Could you output each line of the data that follows exactly?

───── Data excerpt

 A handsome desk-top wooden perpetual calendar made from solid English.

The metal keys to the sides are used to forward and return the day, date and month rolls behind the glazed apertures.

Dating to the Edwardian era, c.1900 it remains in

──────────

▸ **Your solution**:
 A handsome desk-top wooden perpetual calendar made from solid English.

The metal keys to the sides are used to forward and return the day, date and month rolls behind the glazed apertures.

Dating to the Edwardian era, c.1900 it remains in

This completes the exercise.